Splintering the Opposition
In response to criticism by civic opposition groups, Putin is only vaguely refining his Potemkin democracy, baiting or punishing protesters. Journalist Olga Romanova, a leading figure in the protest movement, was forced to watch helplessly as her businessman husband disappeared into jail for alleged securities fraud. The arrest occurred some 10 days after she called Putin a "Mafia godfather" at a demonstration.
But thanks to last-minute elections reforms pushed through by Medvedev, opposition leader Vladimir Ryshkov has been allowed to resurrect his Republican Party, which was banned in 2007. Still, this is only a democratic breakthrough at first glance. The number of members needed to found a party has been lowered from 40,000 to 500, splintering the already disunited opposition.
Already some 160 parties have applied for official recognition at the Justice Ministry, including political groupings for car drivers, beer lovers, gardeners and even dacha owners. Meanwhile, a group of Cossacks aims to delight the Russians and a "heavenly coalition" is fighting for a strictly Christian lifestyle and a ban on mini-skirts. "Subtropical Russia" is calling for a constant temperature of 20 degrees Celsius (68 degrees Fahrenheit) in the land of long winters.
A Media Coup
It's easy for Putin's team, in the best of Soviet traditions, to portray democrats and dissidents as freaks and madmen. He is the hero of the silent majority who are dependent on state funding and adhere to a Soviet worldview -- and they don't want any experiments. Putin's media feeds this conservative zeitgeist with polemic agitation against the opposition on a daily basis.
The public has hardly noticed that Putin's friend Yury Kovalchuk has managed to snap up a powerful media empire through buyouts and a network of subsidiaries. Kovalchuk now controls five television stations, the daily newspaper Isvestiya, three of the country's biggest tabloid papers and, since the purchase of energy giant Gazprom's media holdings, the radio station Echo Moscow -- once a platform for opposition politicians.
It's an empire that eclipses the high points of media might for both former Italian Prime Minister Silvio Berlusconi and Rupert Murdoch in the United Kingdom. Dmitry Muratov, editor in chief of the government-critical daily Novaya Gazeta, has called it a "media coup in Putin's favor."

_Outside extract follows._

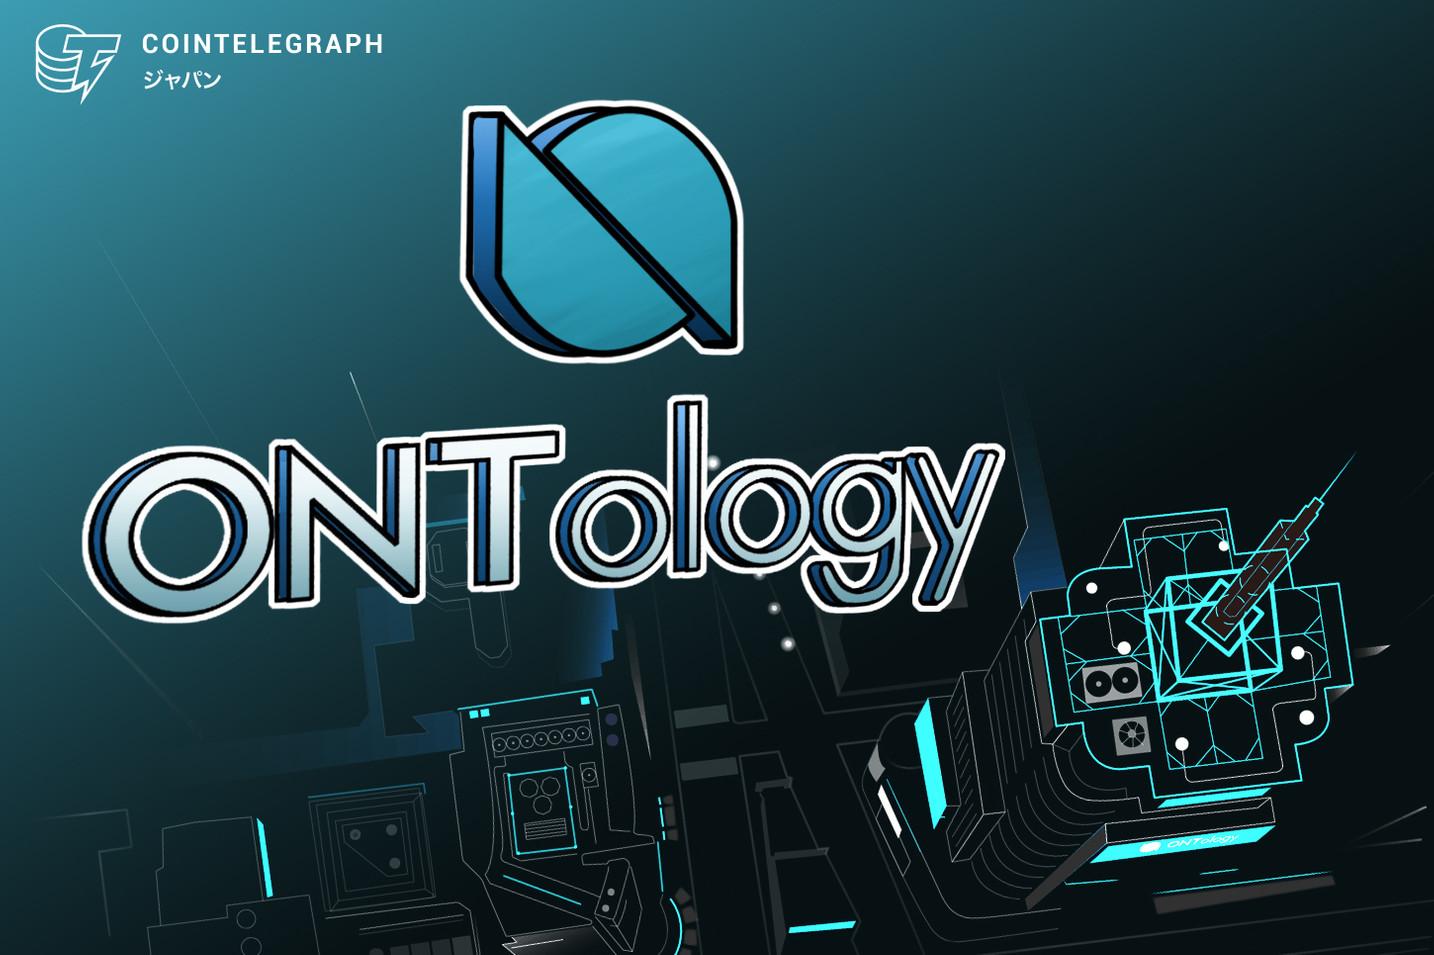 オントロジー1.0 メインネットが正式ローンチ
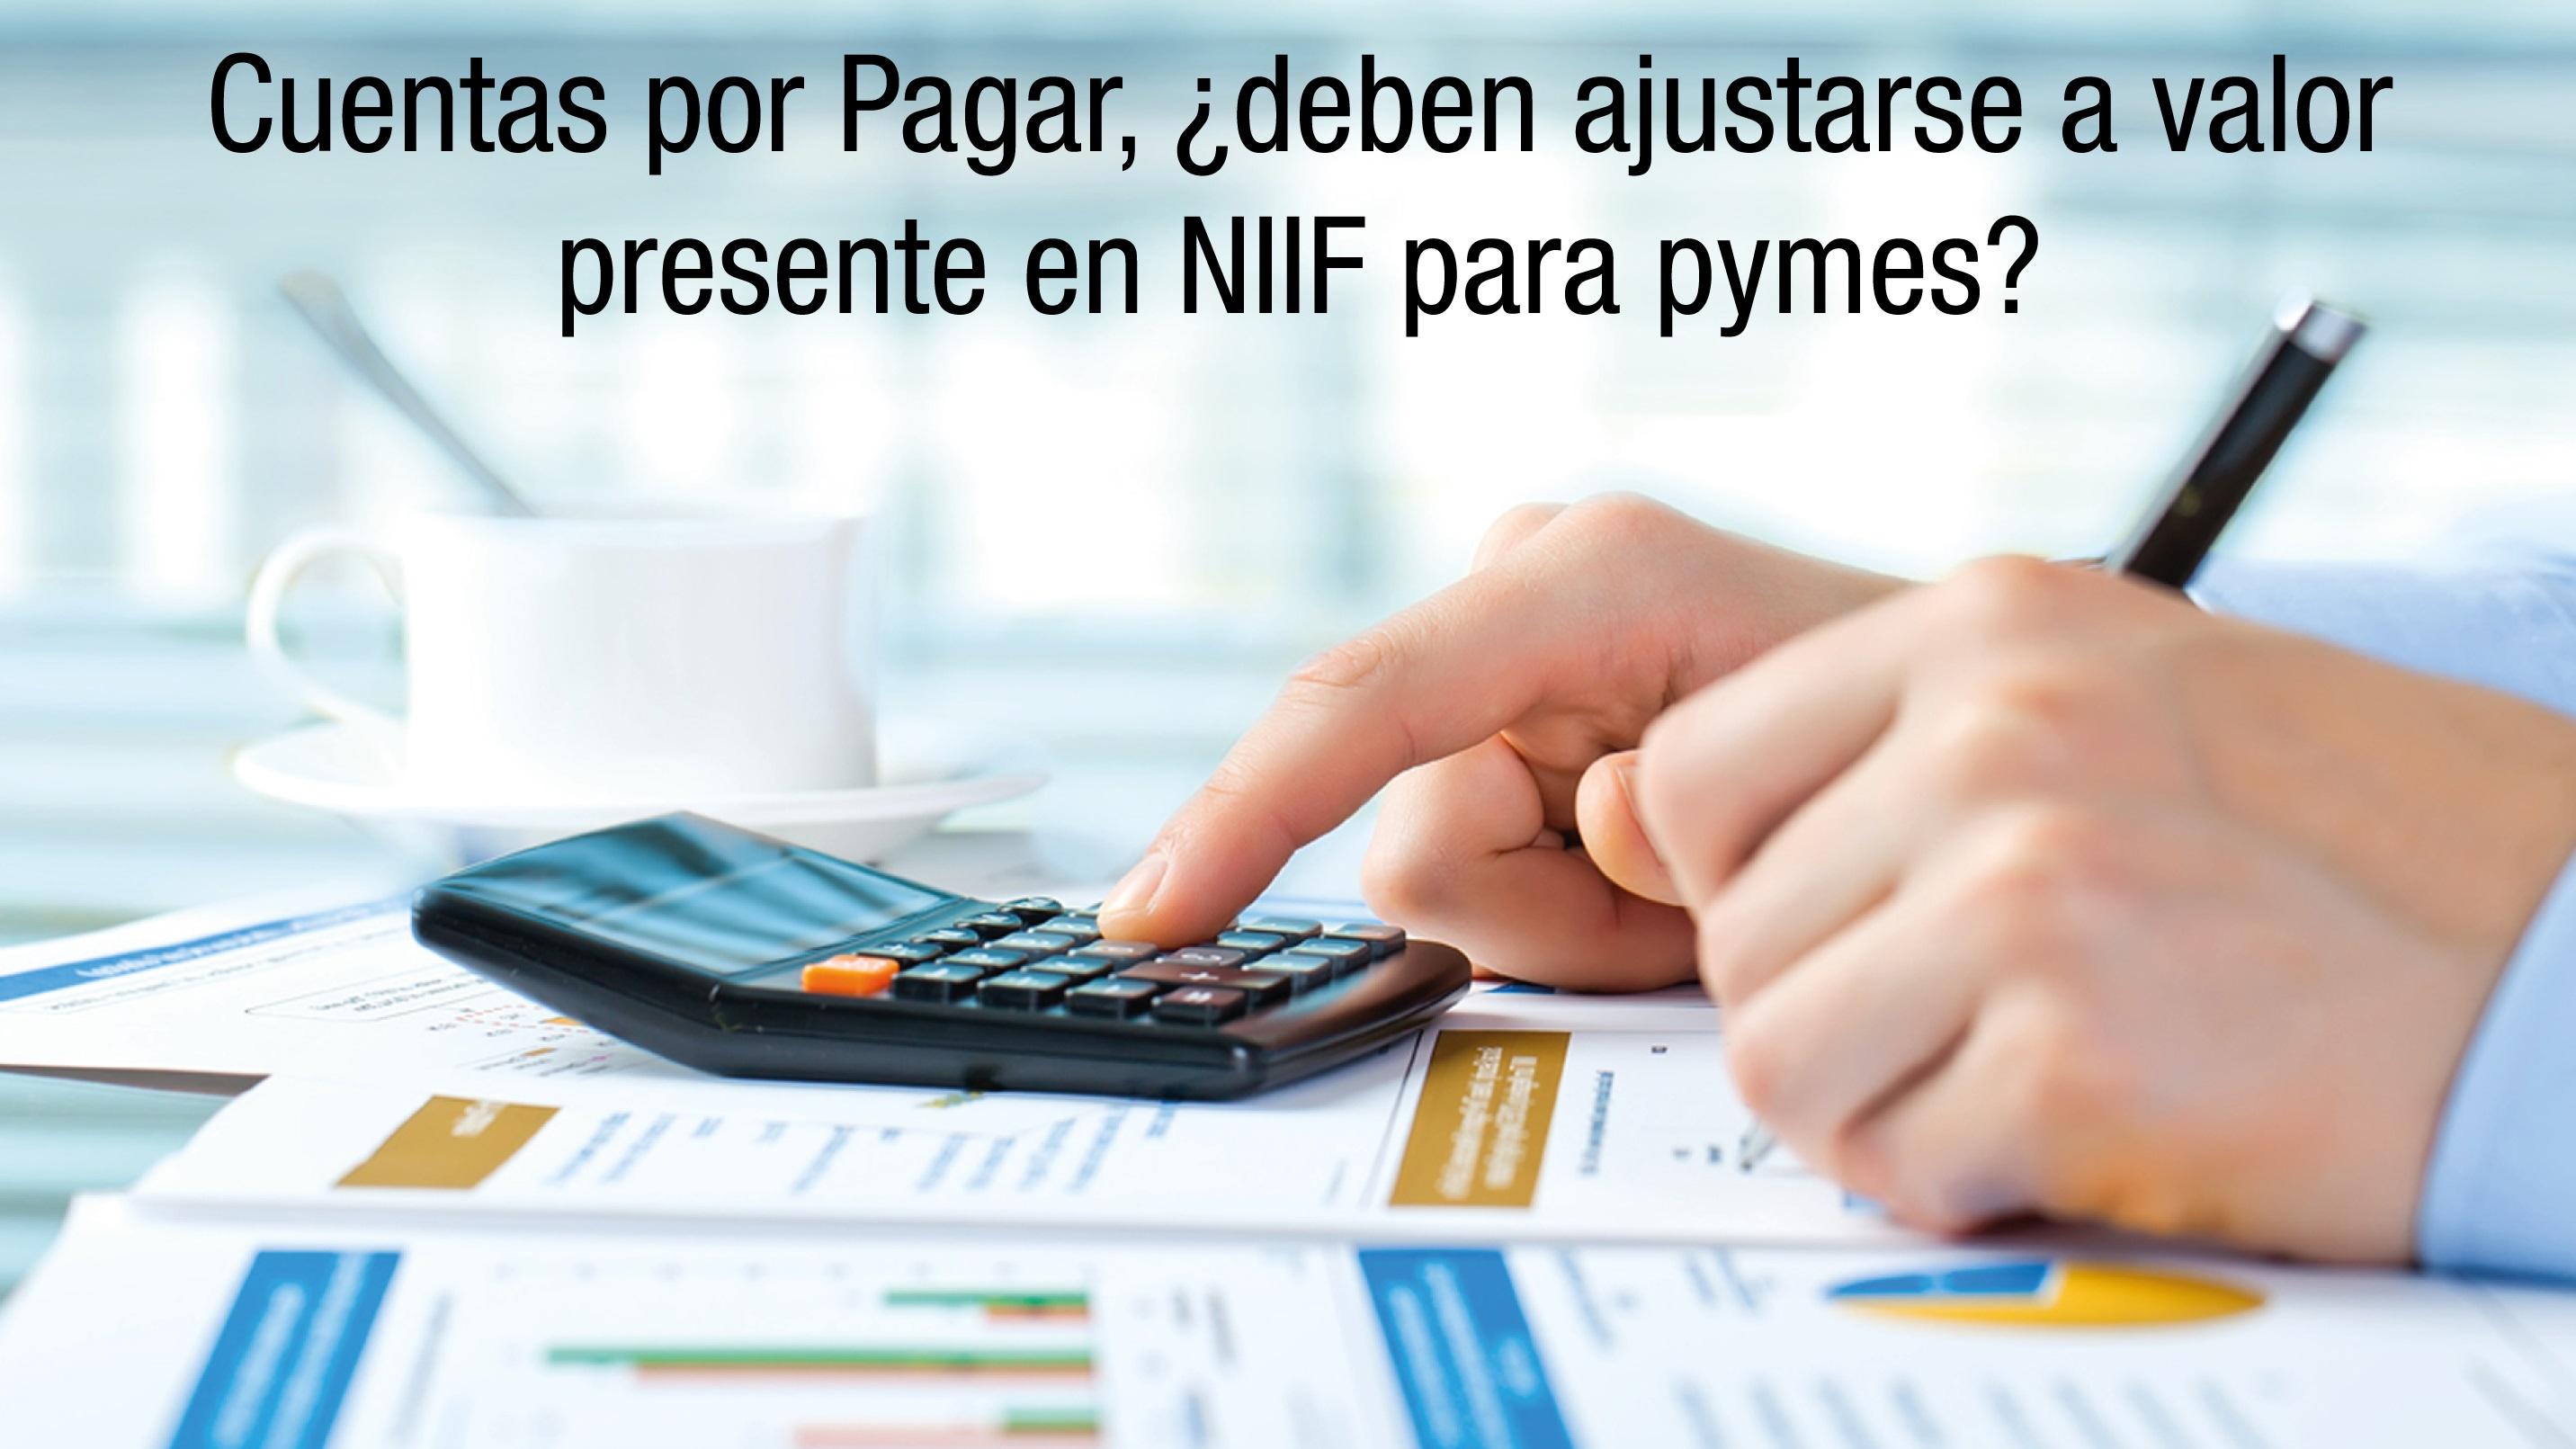 Cuentas por Pagar, ¿deben ajustarse a valor presente en NIIF para ...

Putin's junior partner Medvedev had advocated greater media freedom, but the short thaw ended when Putin accused critical editorial offices of being a primary driving force behind the mass protests. Medvedev did manage to push through one of his pet projects -- the founding of a public television channel -- but the general director as well as the editor in chief will be appointed by Putin.
A Blow to Oligarchs
Economically, Putin's team is set to strike oligarchs like Viktor Vekselberg, owner of the conglomerate Renova Group, who have a reputation of offering more support for Medvedev than the new president would like to see. Putin plans to delay privatization advocated by Medvedev despite having paid lip service to the reforms. After all, under Putin's aegis, state-owned companies rose from 24 percent in 2000 to more than 50 percent today.
But if Russia's growth, driven by natural resource exports, were to fall victim to the European-American economic crisis, then Putin would face the fate of his role model Stolypin. That prime minister's reforms were too short-sighted. Six years after his assassination, communist revolutionaries toppled the czarist rulers.